Sparse Retriever is defined as a sparse bag-of-words retrieval model.

* Dense Retrieval

Dense Retriever performs retrieval by encoding documents and queries into dense low-dimensional vectors, and selecting the document that has the highest inner product with the query

2/ Document Reranking

Document reranking aims to further match user query and documents retrieved by the previous step with the purpose of obtaining a ranked list of relevant documents.

* Neural Ranker

Neural Ranker uses neural network as ranker to reorder documents.

* Feature Ensemble

Feature Ensemble can fuse neural features learned by neural ranker with the features of non-neural methods to obtain more robust performance

3/ Domain Transfer Learning

Domain Transfer Learning can leverages external knowledge graphs or weak supervision data to guide and help ranker to overcome data scarcity.

* Knowledge Enhancemnet

Knowledge Enhancement incorporates entity semantics of external knowledge graphs to enhance neural ranker.

* Data Augmentation

Data Augmentation leverages weak supervision data to improve the ranking accuracy in certain areas that lacks large scale relevance labels.

Stage Model Paper
1/ Sparse Retrieval BM25 Best Match25 ~Tool
1/ Dense Retrieval ANN Approximate nearest neighbor ~Tool
2/ Neural Ranker K-NRM End-to-End Neural Ad-hoc Ranking with Kernel Pooling ~Paper
2/ Neural Ranker Conv-KNRM Convolutional Neural Networks for Soft-Matching N-Grams in Ad-hoc Search ~Paper
2/ Neural Ranker TK Interpretable & Time-Budget-Constrained Contextualization for Re-Ranking ~Paper
2/ Neural Ranker BERT BERT: Pre-training of Deep Bidirectional Transformers for Language Understanding ~Paper
2/ Feature Ensemble Coordinate Ascent Linear feature-based models for information retrieval.
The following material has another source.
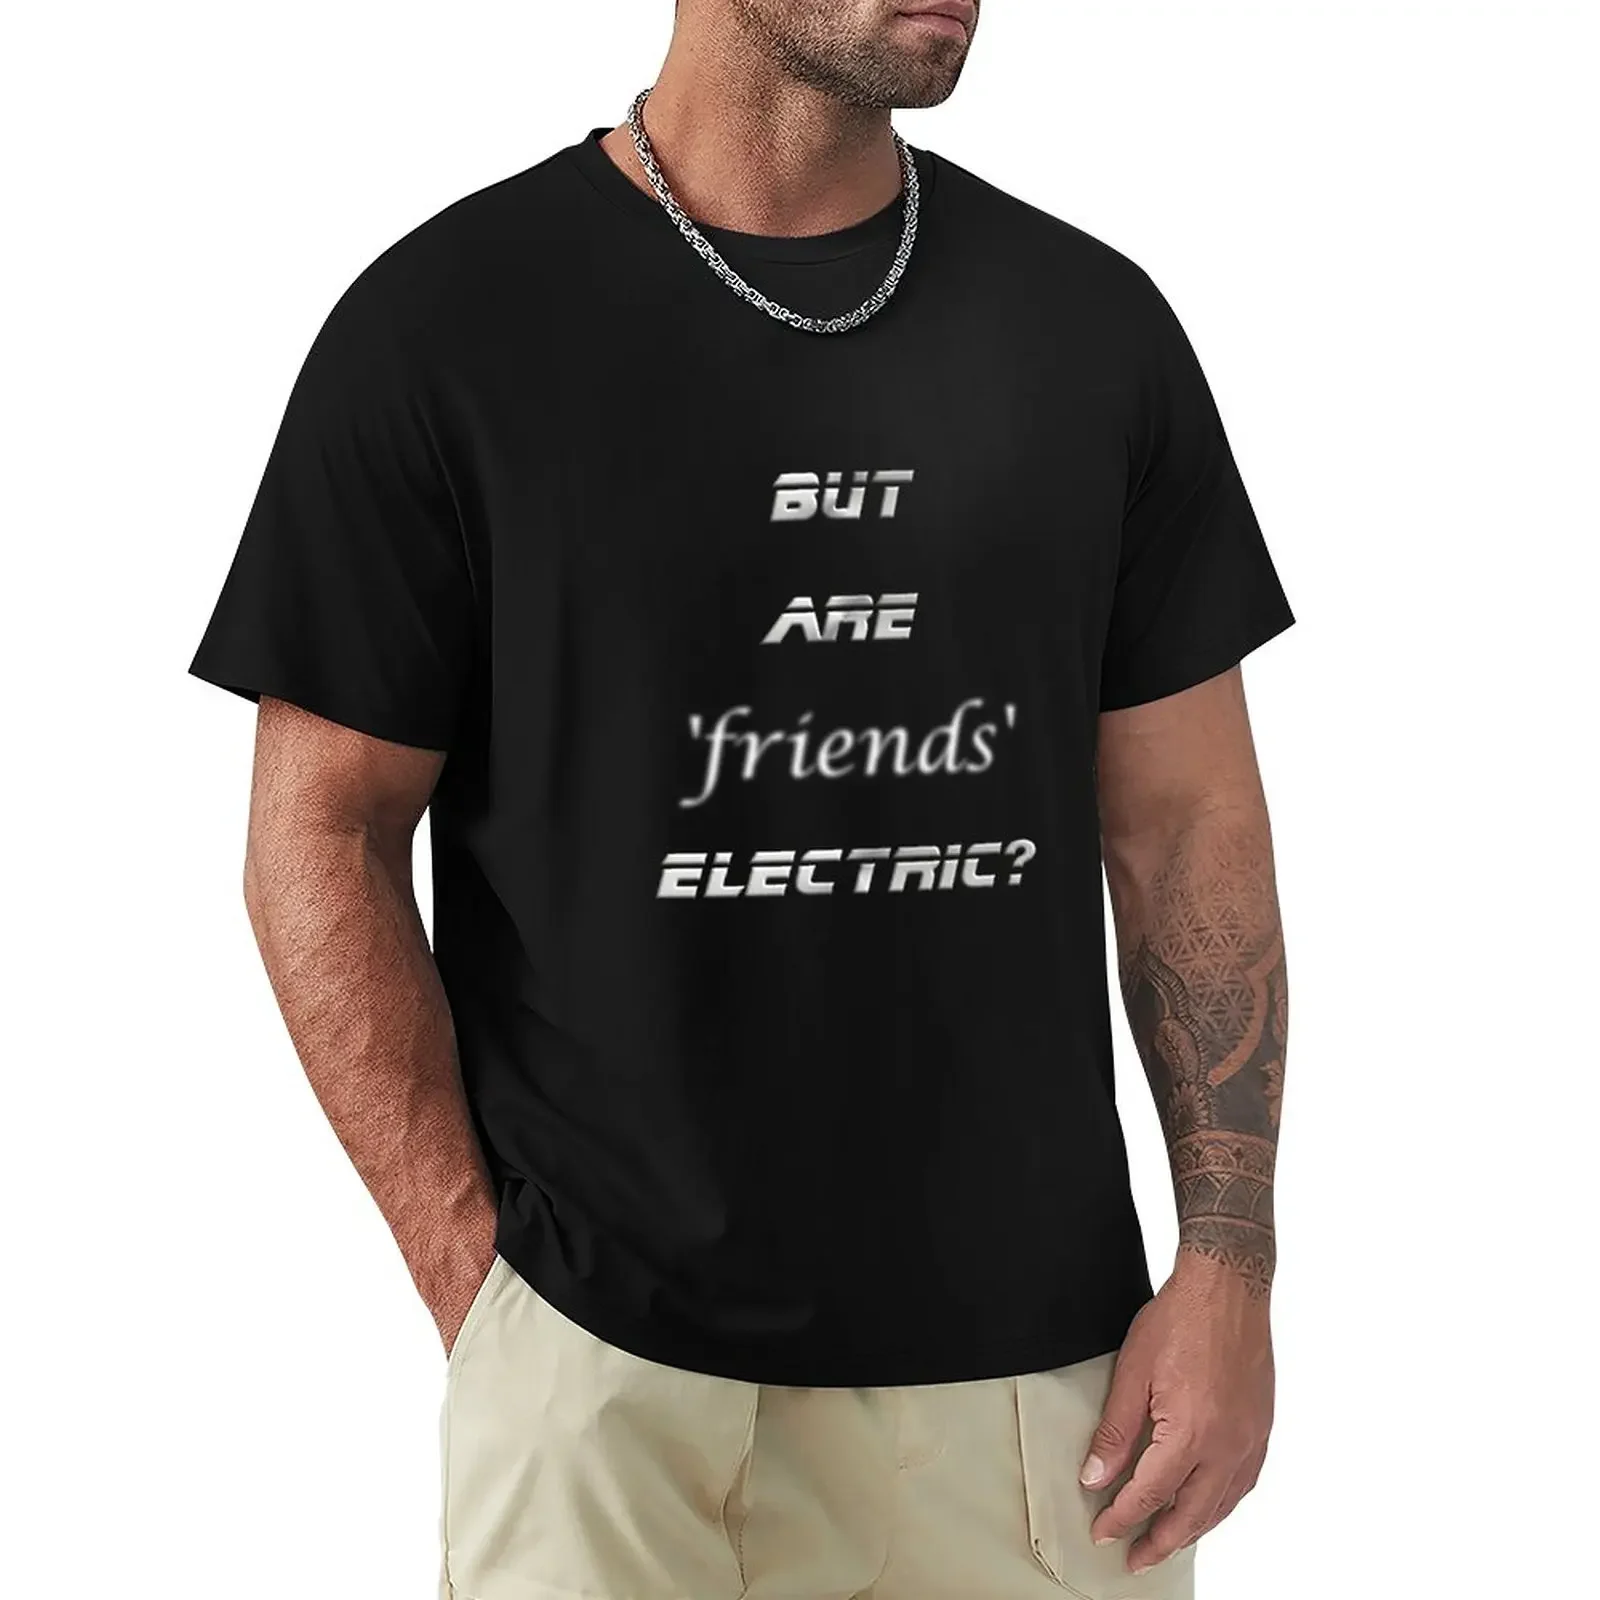 

Друзья электрические Футболка, летние топы, футболки, спортивная одежда для фанатов мужчин

Information Retrieval ~Paper
3/ Knowledge Enhancement EDRM Entity-Duet Neural Ranking: Understanding the Role of Knowledge Graph Semantics in Neural Information Retrieval ~Paper
3/ Data Augmentation ReInfoSelect Selective Weak Supervision for Neural Information Retrieval ~Paper

Note that the BERT model is following huggingface's implementation - transformers, so other bert-like models are also available in our toolkit, e.g. electra, scibert.

Installation

* From PyPI

pip install git+https://github.com/thunlp/OpenMatch.git

* From Source

git clone https://github.com/thunlp/OpenMatch.git
cd OpenMatch
python setup.py install

* From Docker

To build an OpenMatch docker image from Dockerfile

docker build -t <image_name> .

To run your docker image just built above as a container

docker run --gpus all --name=<container_name> -it -v /:/all/ --rm <image_name>:<TAG>

Quick Start

* Detailed examples are available here.

import torch
import OpenMatch as om

query = "Classification treatment COVID-19"
doc = "By retrospectively tracking the dynamic changes of LYM% in death cases and cured cases, this study suggests that lymphocyte count is an effective and reliable indicator for disease classification and prognosis in COVID-19 patients."

* For bert-like models:

from transformers import AutoTokenizer

tokenizer = AutoTokenizer.from_pretrained("allenai/scibert_scivocab_uncased")
input_ids = tokenizer.encode(query, doc)
model = om.models.Bert("allenai/scibert_scivocab_uncased")
ranking_score, ranking_features = model(torch.tensor(input_ids).unsqueeze(0))

* For other models:

tokenizer = om.data.tokenizers.WordTokenizer(pretrained="./data/glove.6B.300d.txt")
query_ids, query_masks = tokenizer.process(query, max_len=16)
doc_ids, doc_masks = tokenizer.process(doc, max_len=128)
model = om.models.KNRM(vocab_size=tokenizer.get_vocab_size(),
                       embed_dim=tokenizer.get_embed_dim(),
                       embed_matrix=tokenizer.get_embed_matrix())
ranking_score, ranking_features = model(torch.tensor(query_ids).unsqueeze(0),
                                        torch.tensor(query_masks).unsqueeze(0),
                                        torch.tensor(doc_ids).unsqueeze(0),
                                        torch.tensor(doc_masks).unsqueeze(0))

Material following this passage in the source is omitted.